====== Supplied data ======
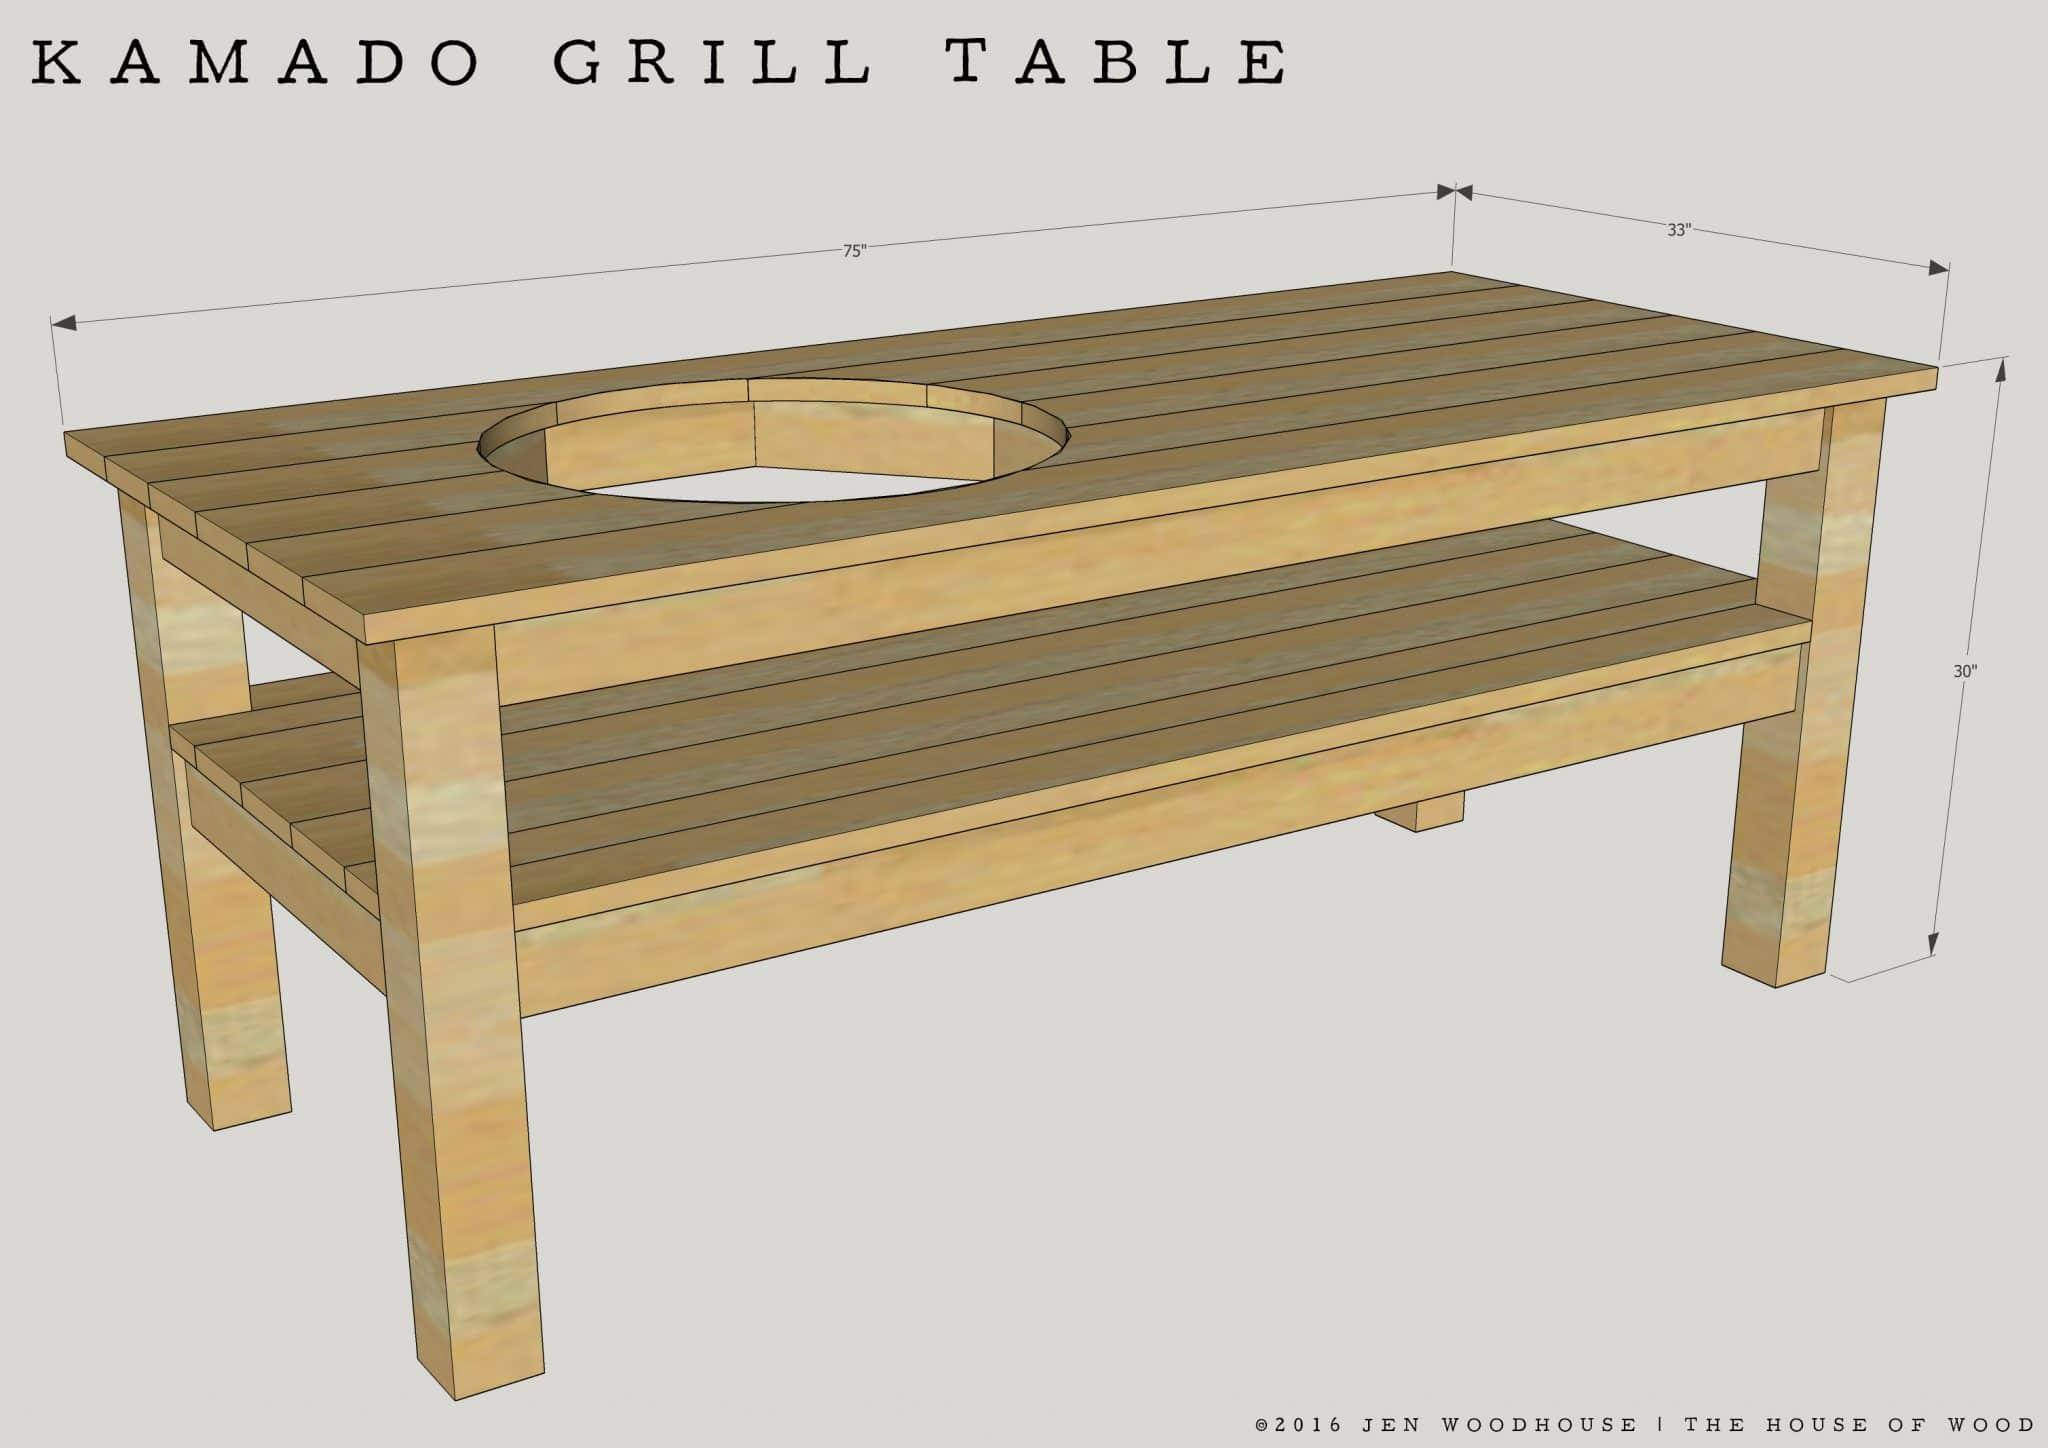 DIY Kamado Grill Table
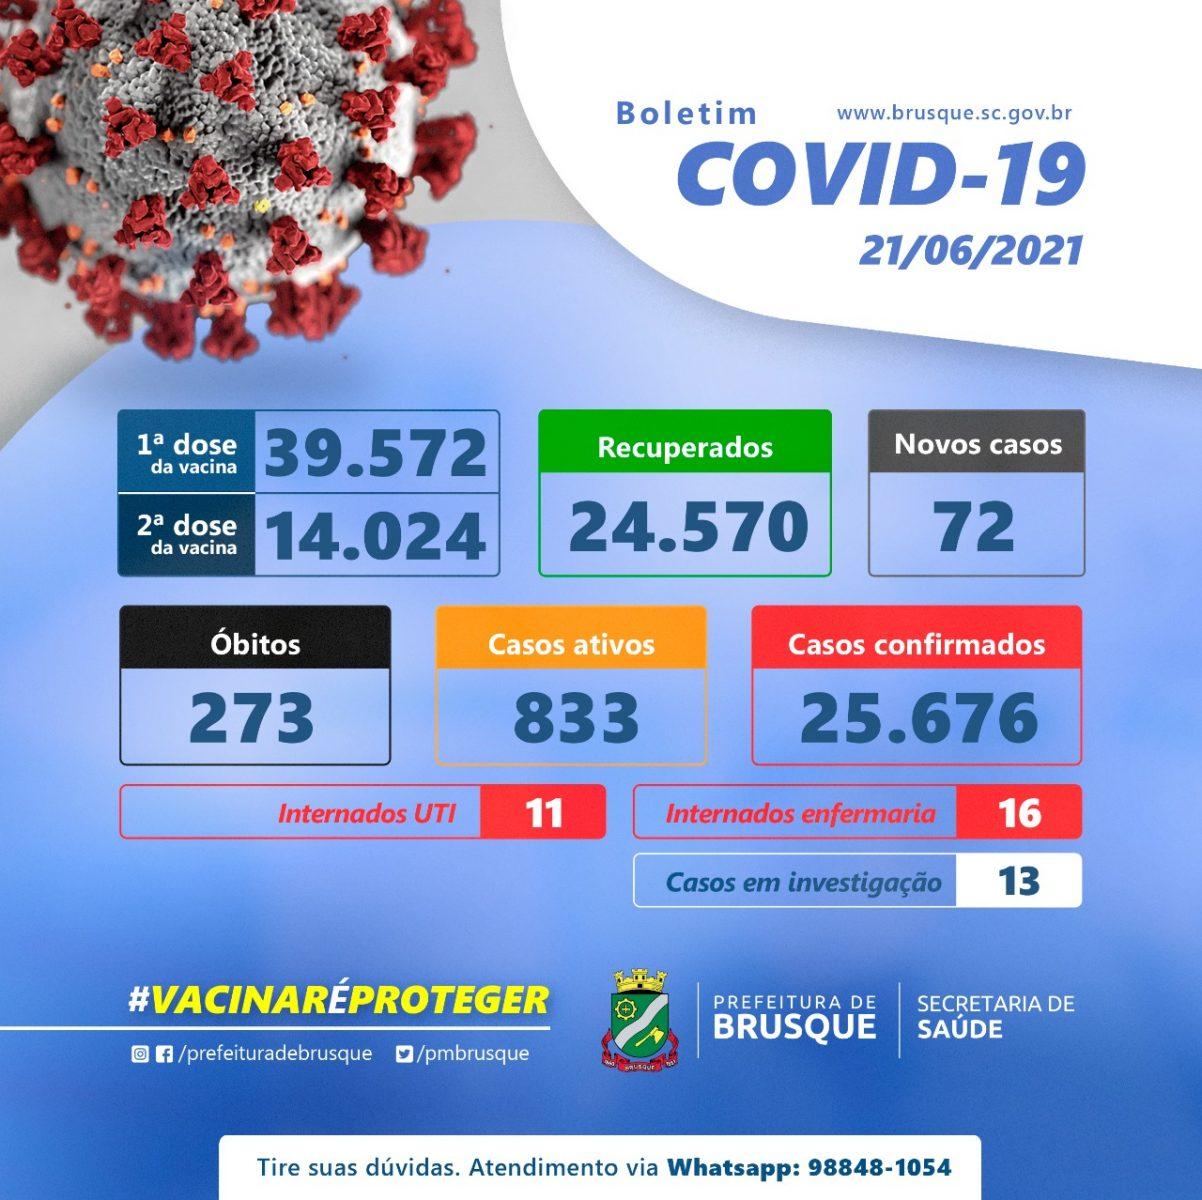 Covid 19: Confira o boletim epidemiológico desta segunda-feira (21)
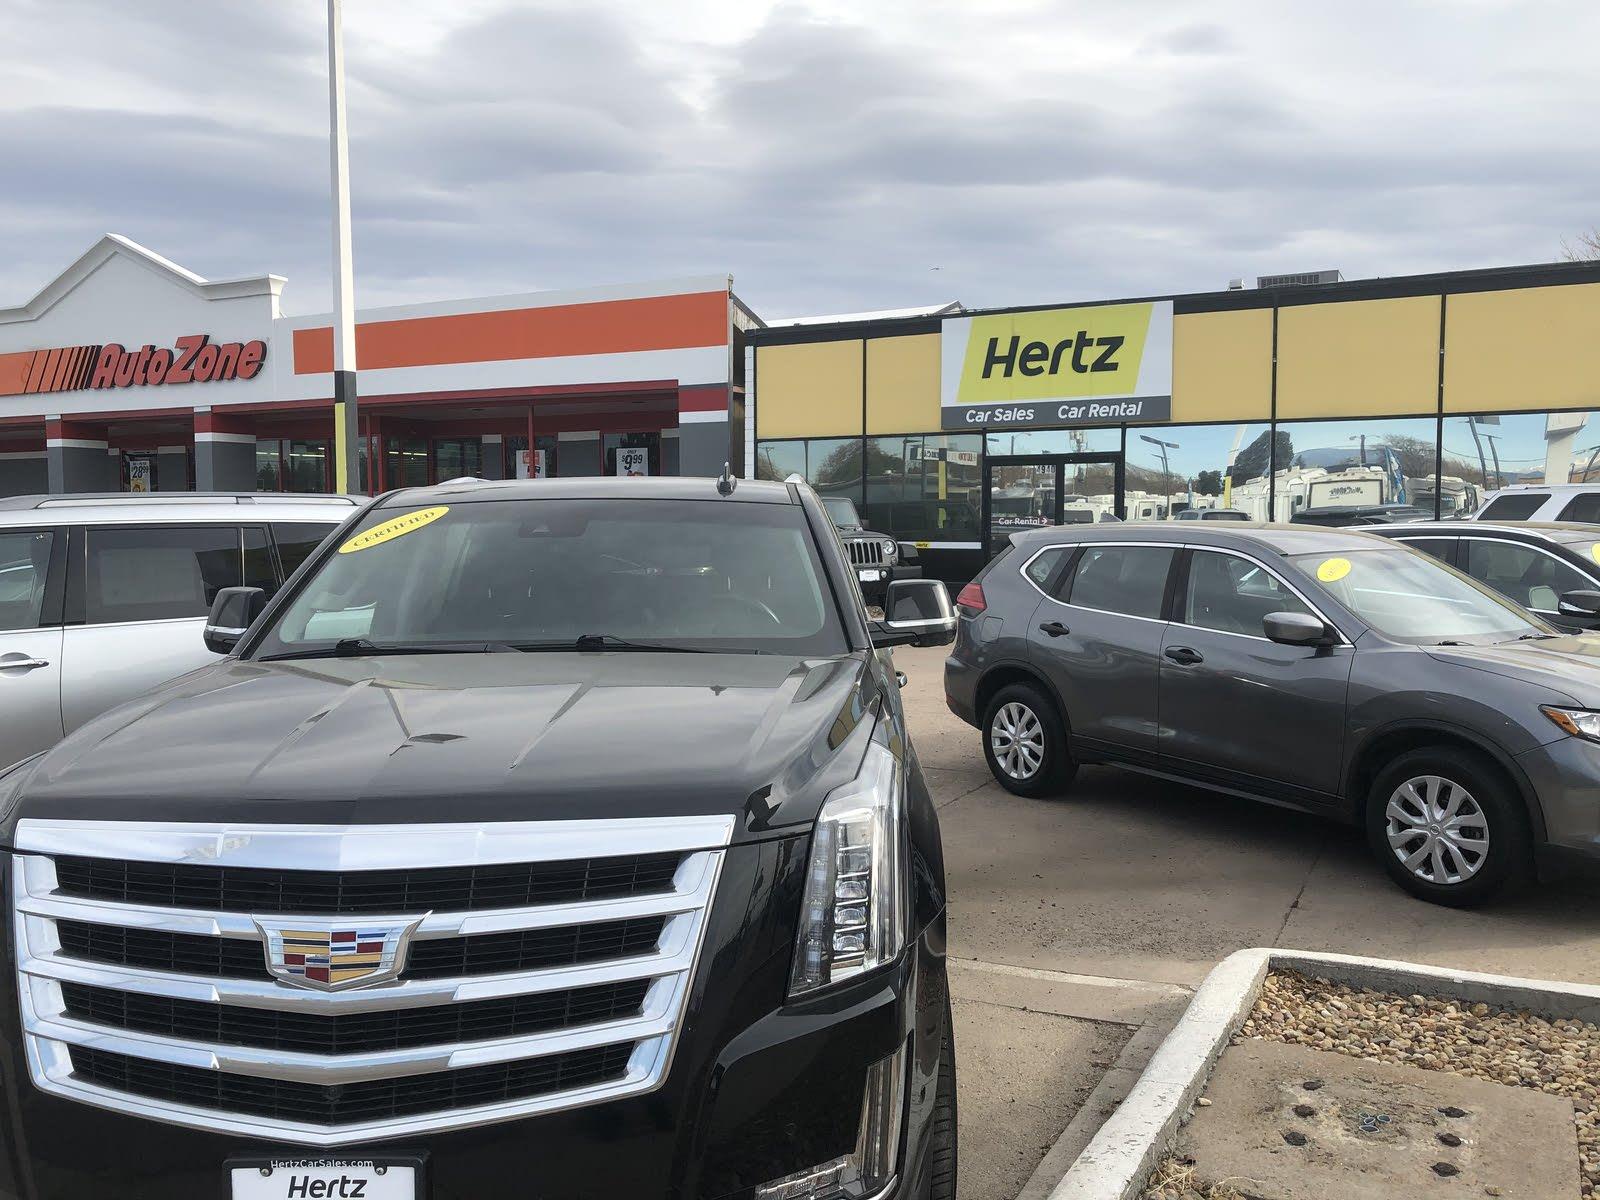 Hertz car sales denver
======
> [Exercise directions] Give back the material above exactly, with each picture removed.

> [Result of the task]
 DIY Kamado Grill Table
 Covid 19: Confira o boletim epidemiológico desta segunda-feira (21)
 Hertz car sales denver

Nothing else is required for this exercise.